How to help change negative behavior?
My 7 yr old son is an aspie. He has a lot of issues we are working on, including severe school anxiety. He is having frequent meltdowns in part because all of his "reserves" are being used just trying to get to lunch at school. I am trying really hard to catch them as they start and redirect. His meltdowns can get quite violent and destructive so I really really want to avoid them.
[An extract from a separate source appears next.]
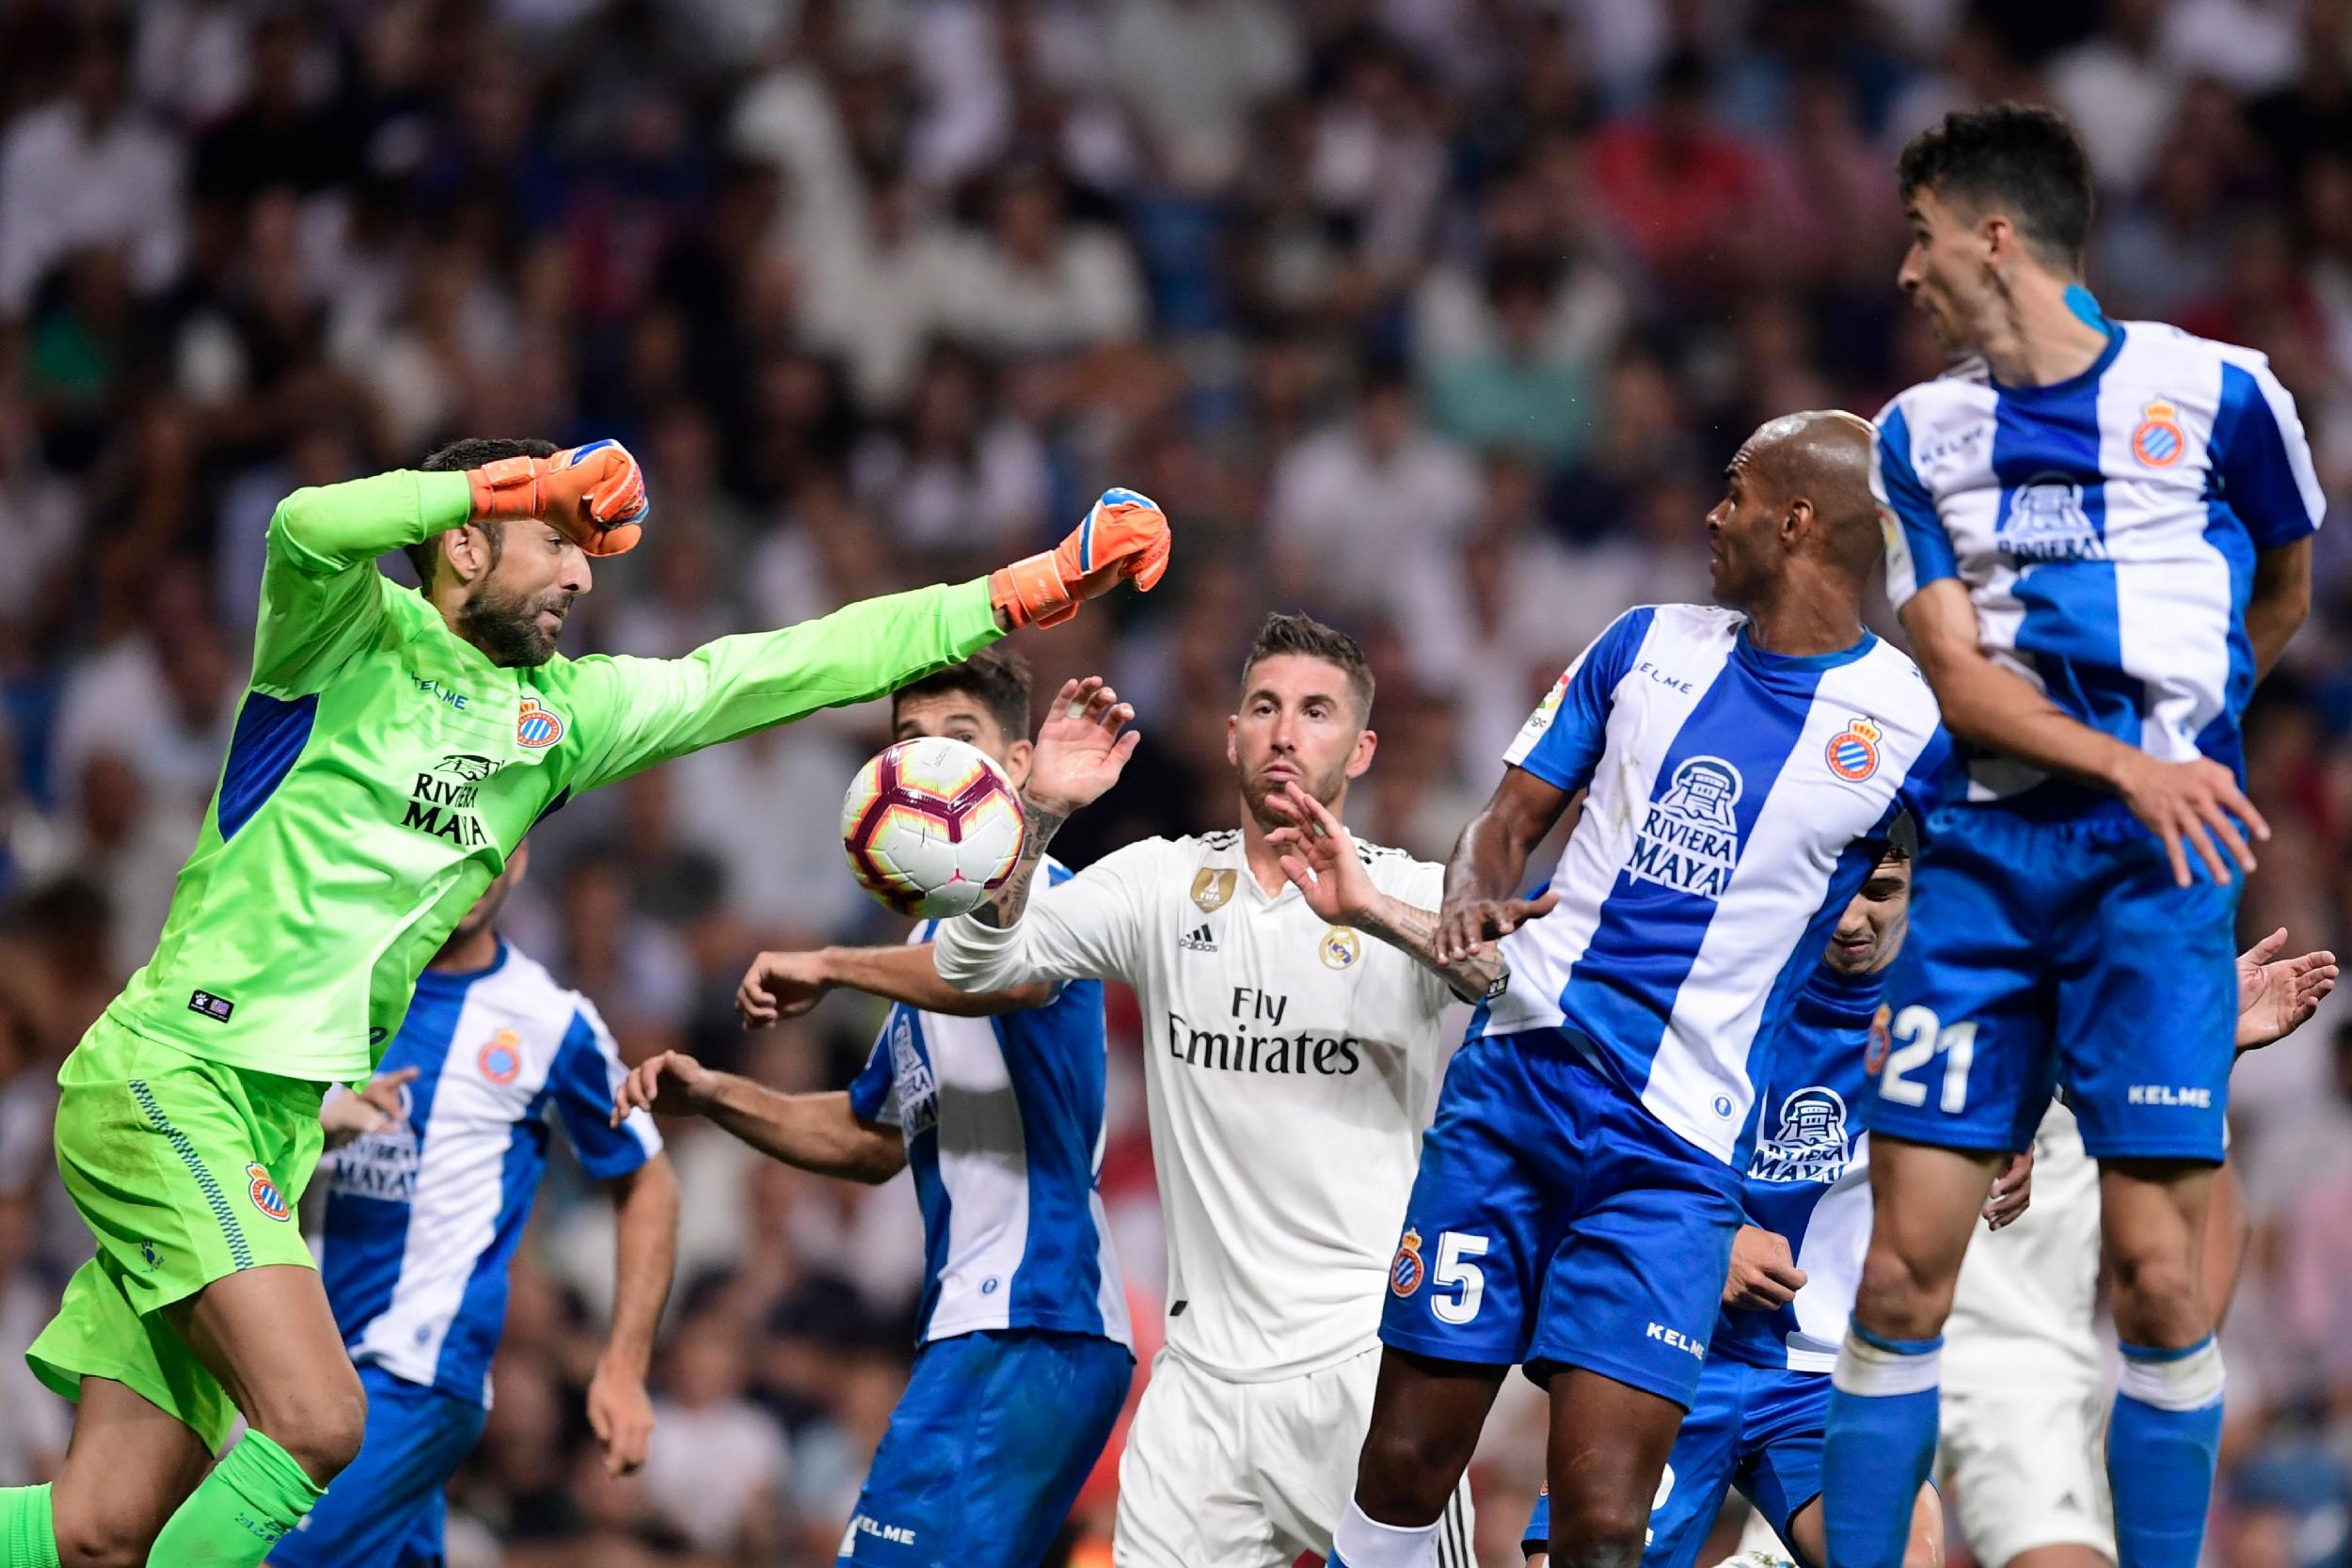 Espanyol vs Real Madrid Preview, Tips and Odds - Sportingpedia - Latest Sports News From All Over the World

However, when he is on the verge of a meltdown, anything little thing will cause him to lash out - either by calling us names or throwing something or hitting. These behaviors are obviously not acceptable, but he is beyond reasoning at the point they occur. Any attempt to discipline him causes a total meltdown. I do remove him from the situation, help him calm down (restraining him if necessary so he does not hurt himself or someone else) and once he is calm, I can talk to him about it. But I would like these pre-meltdown behaviors to stop. He needs to learn how to communicate that he is upset and needs my help without lashing out physically. How can I help him learn to control the way in which he reacts to stress?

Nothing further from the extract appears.